Often, parents have major assets to distribute to their minor children upon both parents’ death. These assets include life insurance, real estate and home ownership, investment real estate, retirement accounts, and business interests, among other assets. One of the roles of the estate planning attorney  is to set up an estate plan that minimizes conflicts and is realistic. Parents name friends or other family members to be their guardians for their minor children.

  1. Guardian of the Estate

    The guardian of the estate is responsible for managing the finances of the minor children. Generally, an estate plan should consider whether a person or co-trustees should manage the wealth of your minor children. One of the factors in making this decision is the amount of assets a person is responsible for managing.

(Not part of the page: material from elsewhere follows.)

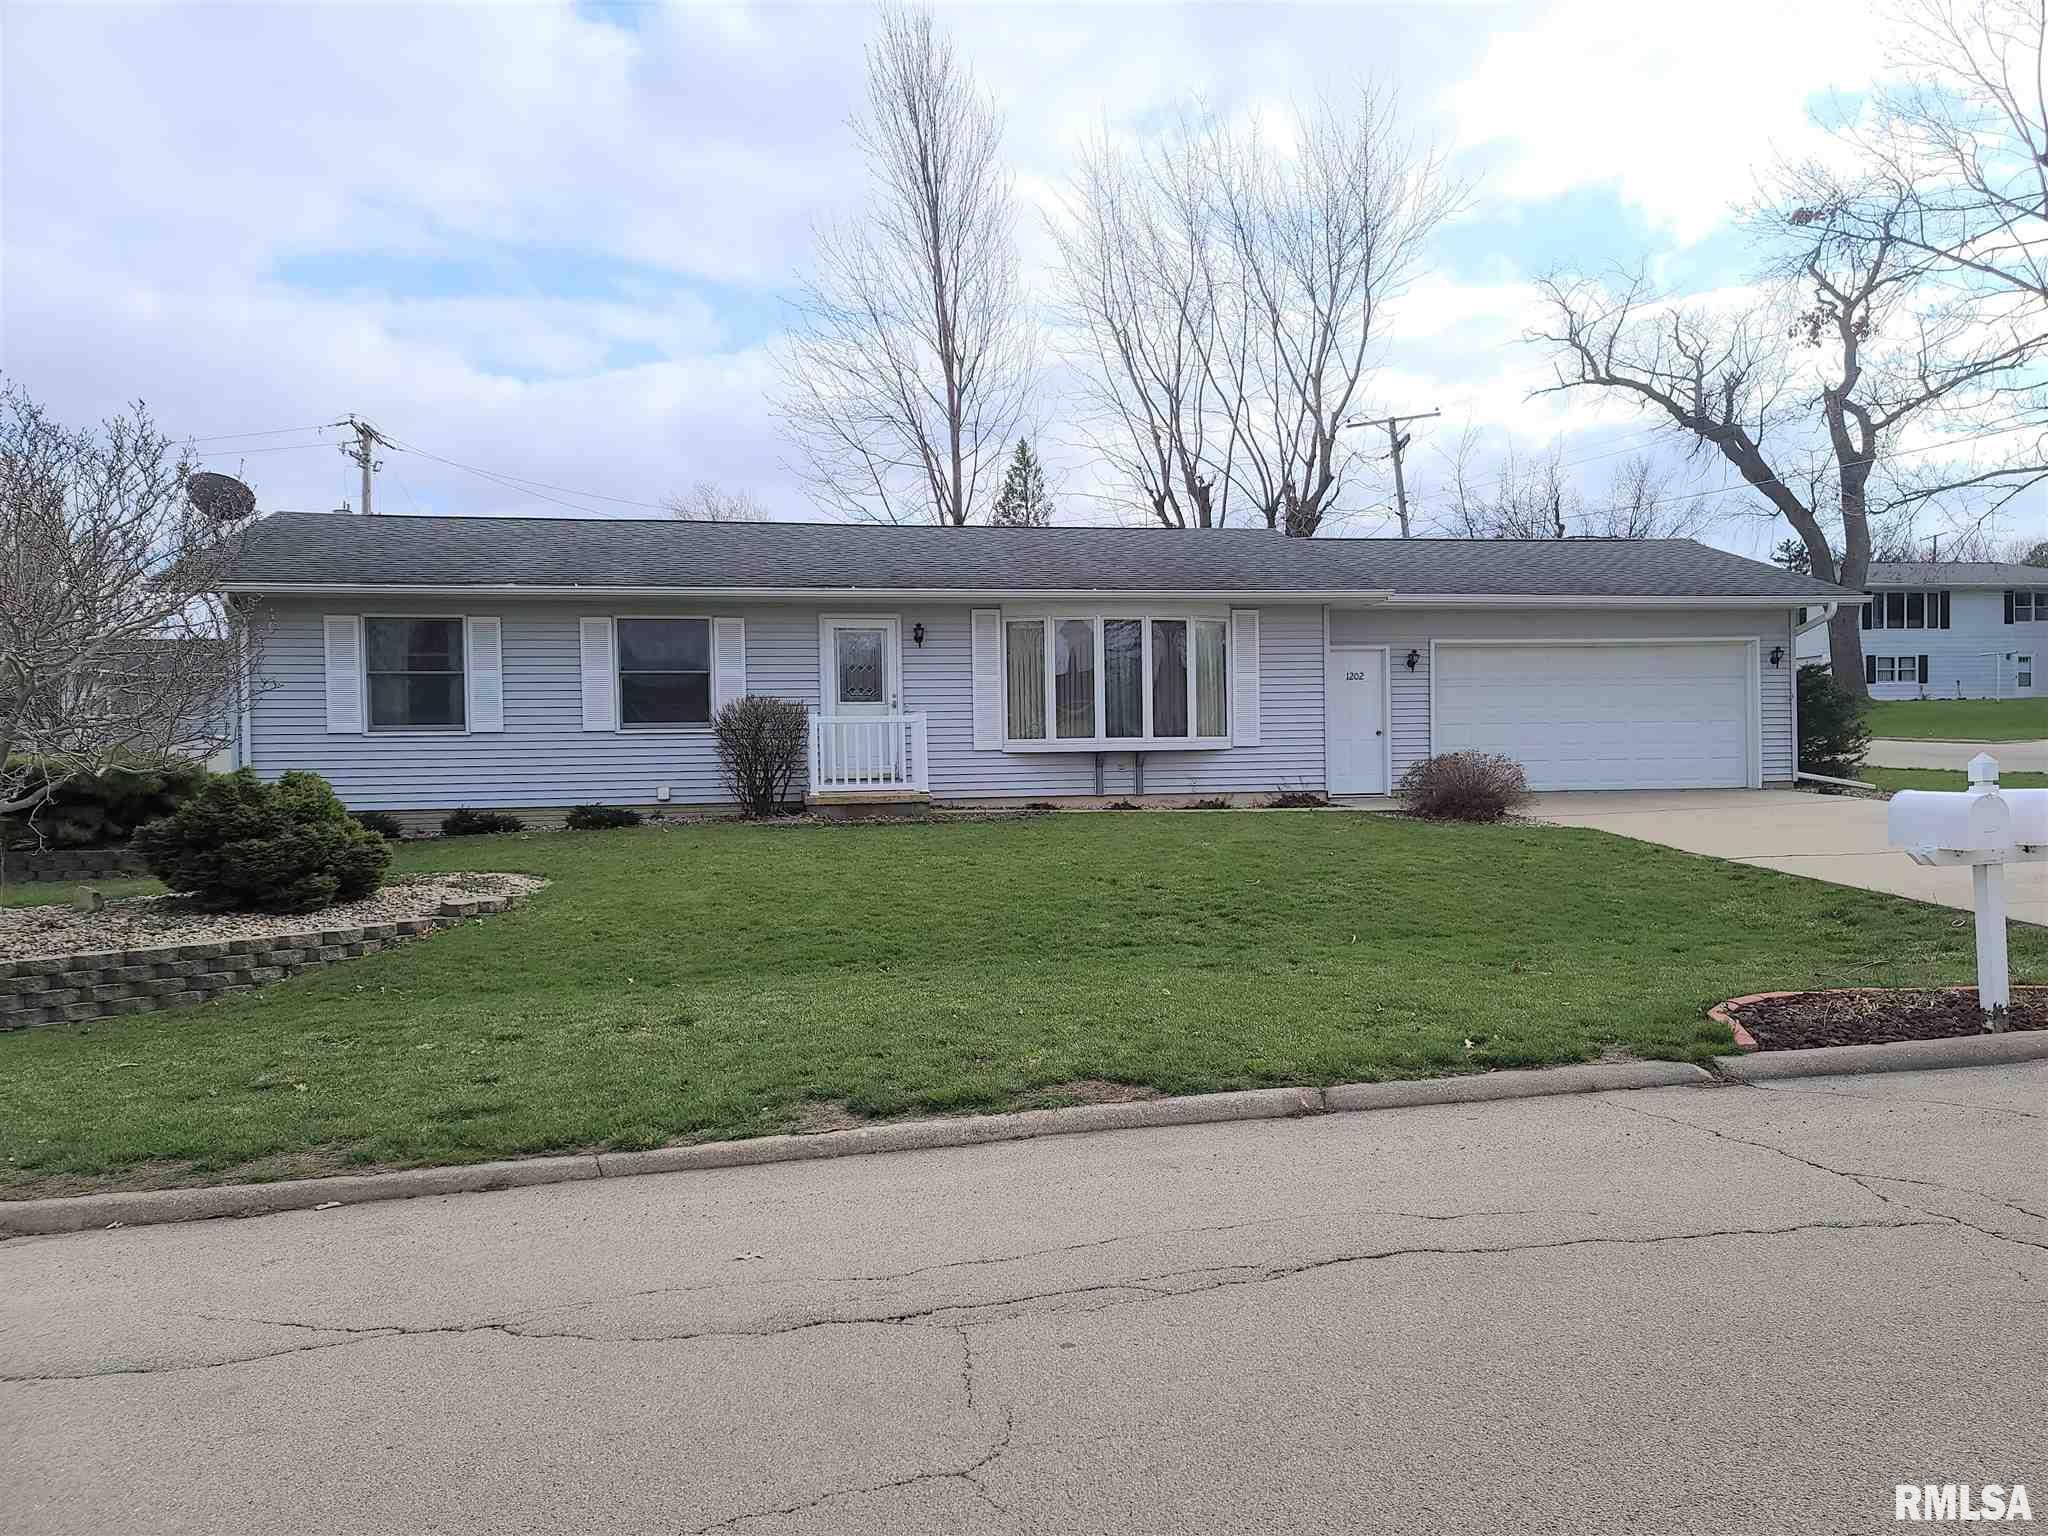 1202 FOWLER Property Photo - Fulton, IL real estate listing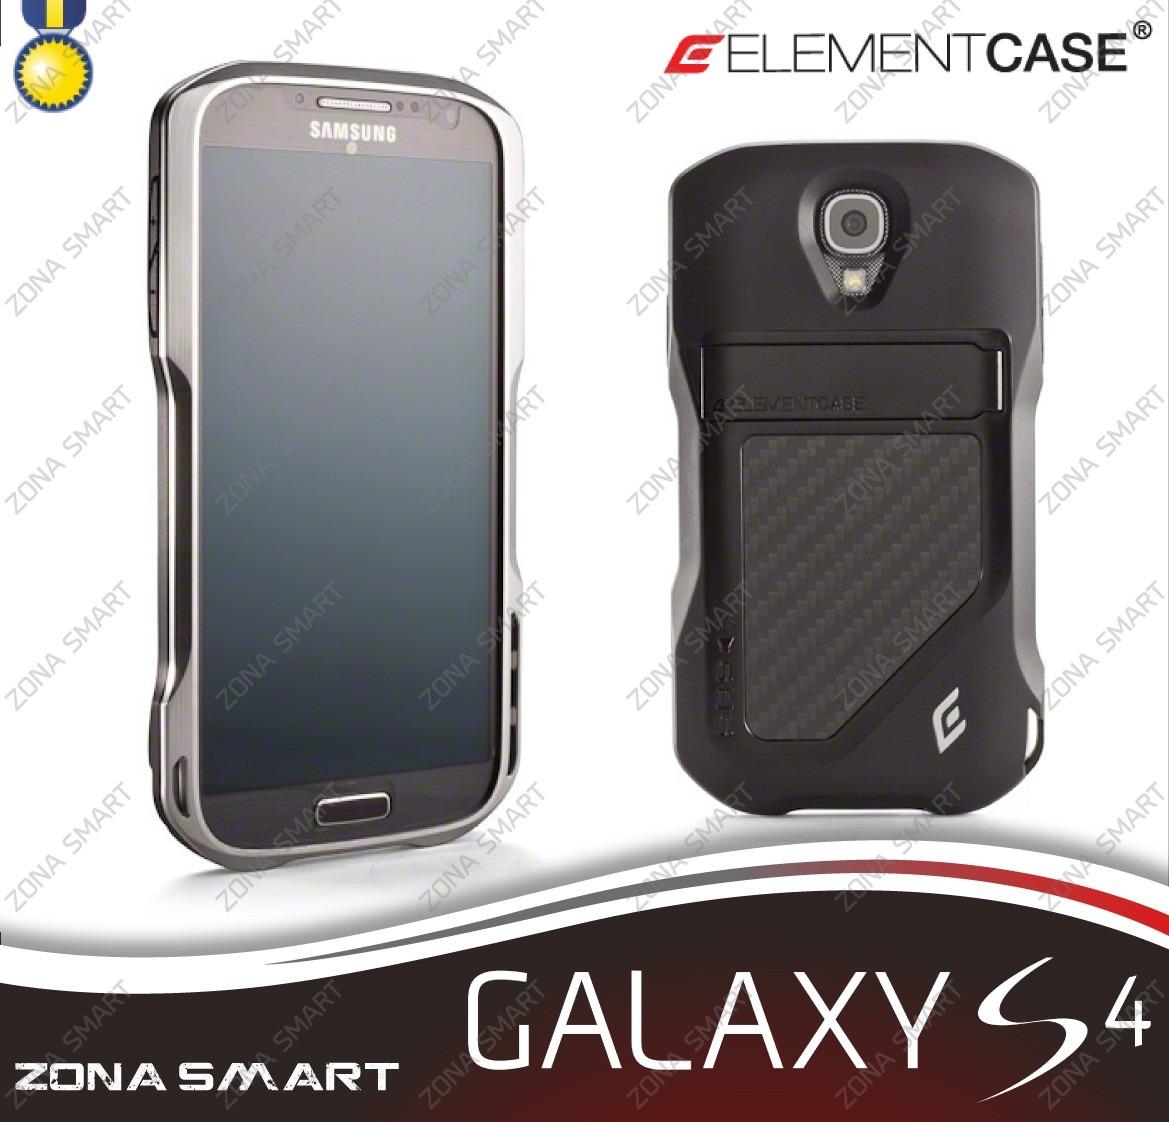 new products 903dc 436a9 Eclipse Case Samsung Galaxy S4, Element Case Aluminio Bumper

    Simplicity is another important factor. For example, having a wife’s family manage the finances of the minor children while the husband’s family is responsible for the day-to-day parenting is a complicated matter. A major factor to consider is family peace and simplicity. A key consideration is how a person at is maintaining financial records and getting along well with others. Age may also be a major consideration, as an inexperienced or elderly relative may not be the appropriate person to manage a substantial amount of wealth. Health issues and energy may also be a major concern for parents and grandparents.

  2. Guardian of the Person

    A guardian of the person is responsible for making non-financial decisions such as healthcare and educational decisions. One person may be a good parent, but lack solid financial skills. Parents may determine that it is best to have one person, or a family be responsible for the guardian of the estate and guardian of the person roles.

    Most families decide to combine the guardian roles for minor children, but it depends on your specific circumstances. An experienced estate planning and children’s trust attorney is vital to assist families making these difficult choices in a practical manner.

Here are several questions that parents should consider asking when deciding on their children’s trust:

  • Who should be the Trustee or Successor Trustee(s) for the Minor Children’s Trust?
  • Do We Want to Provide for Unborn or Adopted Children?
  • Define when a distribution of assets may be made to the minor children and at what age?
  • When Can Assets Be Touched by the Minor Children?
  • Should a Corporate or Professional Trustee Be Decided? By Whom and When?
  • Is a Guardian(s) Appropriate If a Divorce or Separation Occurs?

These are many important factors that parents must consider when planning their estate. Parents must ensure that their Revocable Living Trust is funded properly. This means your assets should be appropriately titled and have designated beneficiaries.